Emily V Wong et al. J Mol Biol. 2016.

Abstract

mRNA export from the nucleus depends on the ATPase activity of the DEAD-box protein Dbp5/DDX19. Although Dbp5 has measurable ATPase activity alone, several regulatory factors (e.g., RNA, nucleoporin proteins, and the endogenous small molecule InsP6) modulate catalytic activity in vitro and in vivo to facilitate mRNA export. An analysis of the intrinsic and regulator-activated Dbp5 ATPase cycle is necessary to define how these factors control Dbp5 and mRNA export. Here, we report a kinetic and equilibrium analysis of the Saccharomyces cerevisiae Dbp5 ATPase cycle, including the influence of RNA on Dbp5 activity. These data show that ATP binds Dbp5 weakly in rapid equilibrium with a binding affinity (KT~4 mM) comparable to the KM for steady-state cycling, while ADP binds an order of magnitude more tightly (KD~0.4 mM). The overall intrinsic steady-state cycling rate constant (kcat) is limited by slow, near-irreversible ATP hydrolysis and even slower subsequent phosphate release. RNA increases kcat and rate-limiting Pi release 20-fold, although Pi release continues to limit steady-state cycling in the presence of RNA, in conjunction with RNA binding.
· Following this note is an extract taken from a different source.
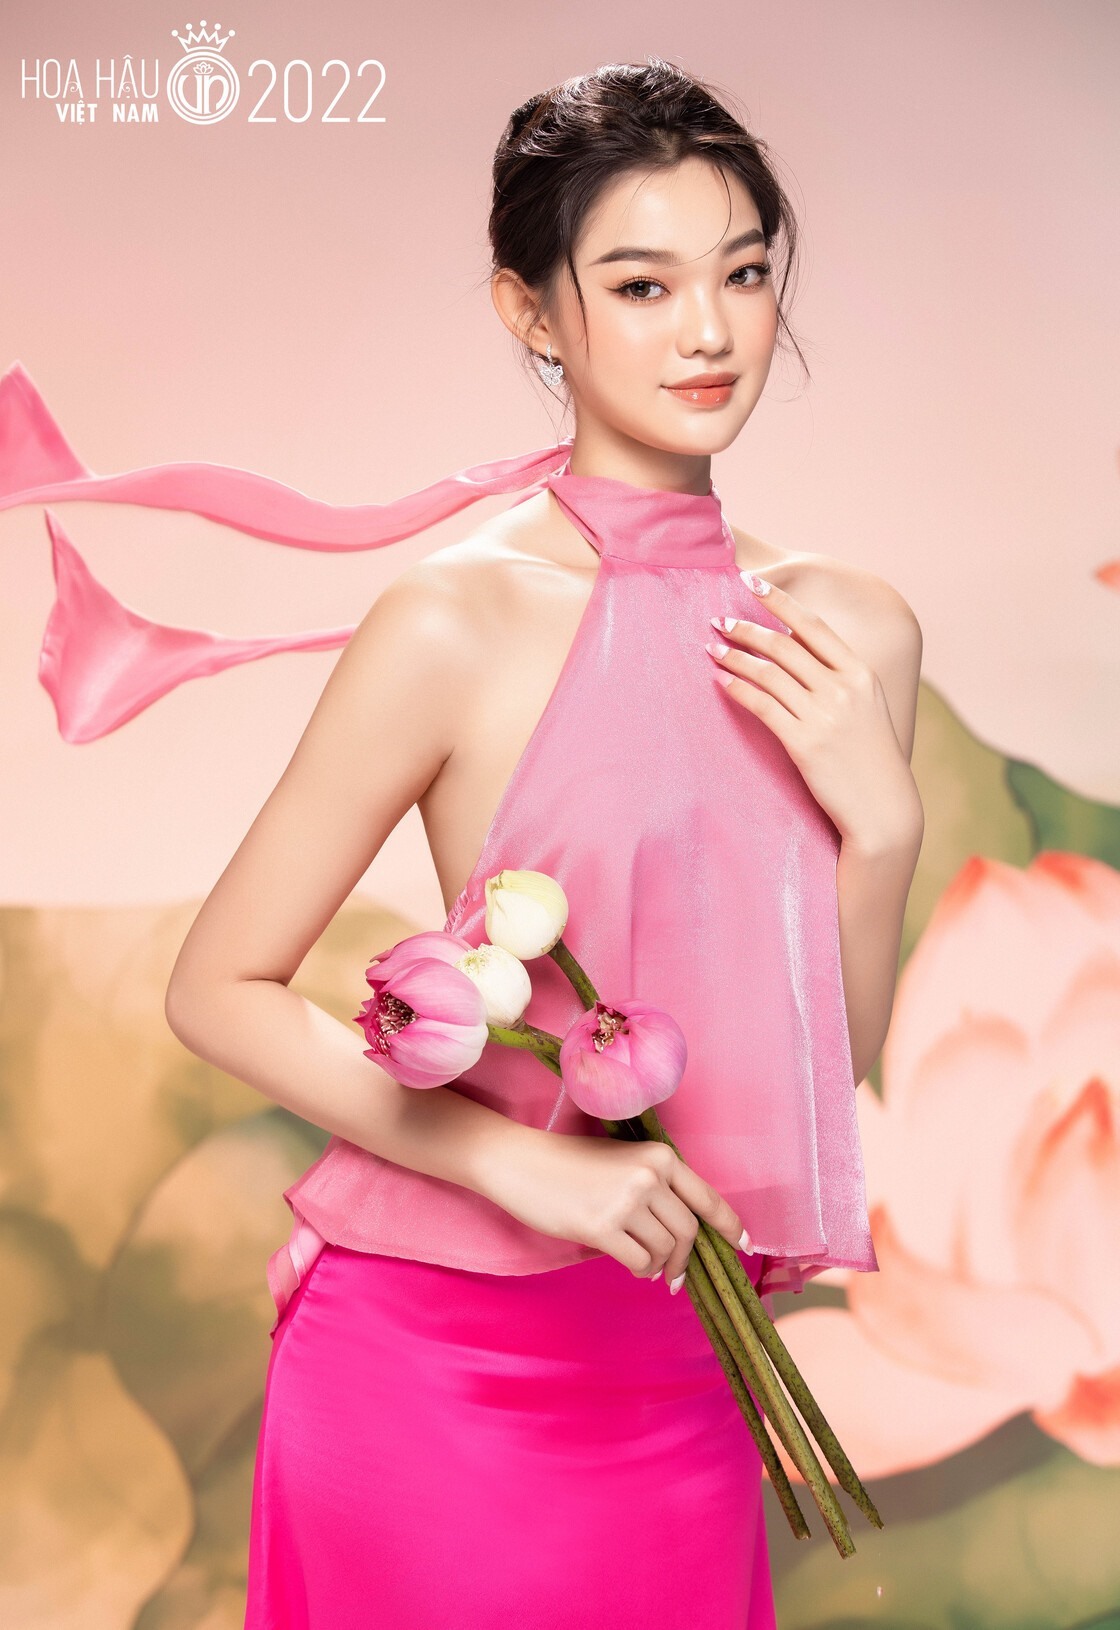 Những người đẹp có hình thể nóng bỏng nhất Hoa hậu Việt Nam 2022 - Ảnh 3.
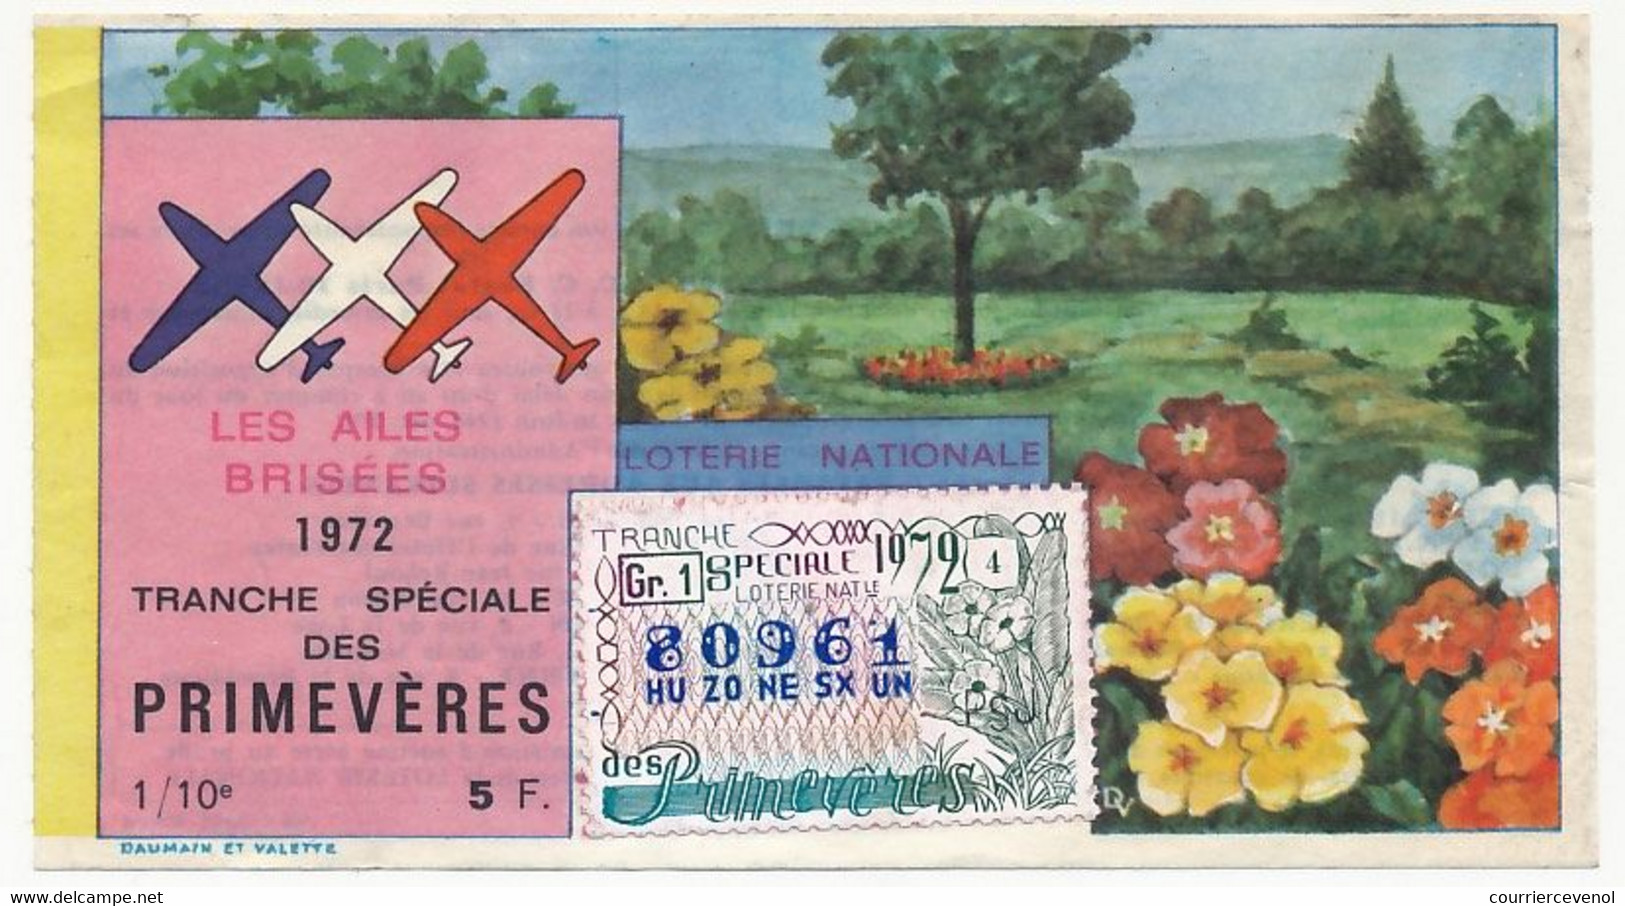 FRANCE - Loterie Nationale - 1/10ème - Les Ailes Brisées - Tranche Spéciale Des Primevères - 1972 - Biglietti Della Lotteria

Together, this work identifies RNA binding and Pi release as important biochemical transitions within the Dbp5 ATPase cycle and provides a framework for investigating the means by which Dbp5 and mRNA export is modulated by regulatory factors.

Keywords: RNA helicase; kinetics; mRNA export; mantATP; thermodynamics.

Copyright © 2016 Elsevier Ltd. All rights reserved.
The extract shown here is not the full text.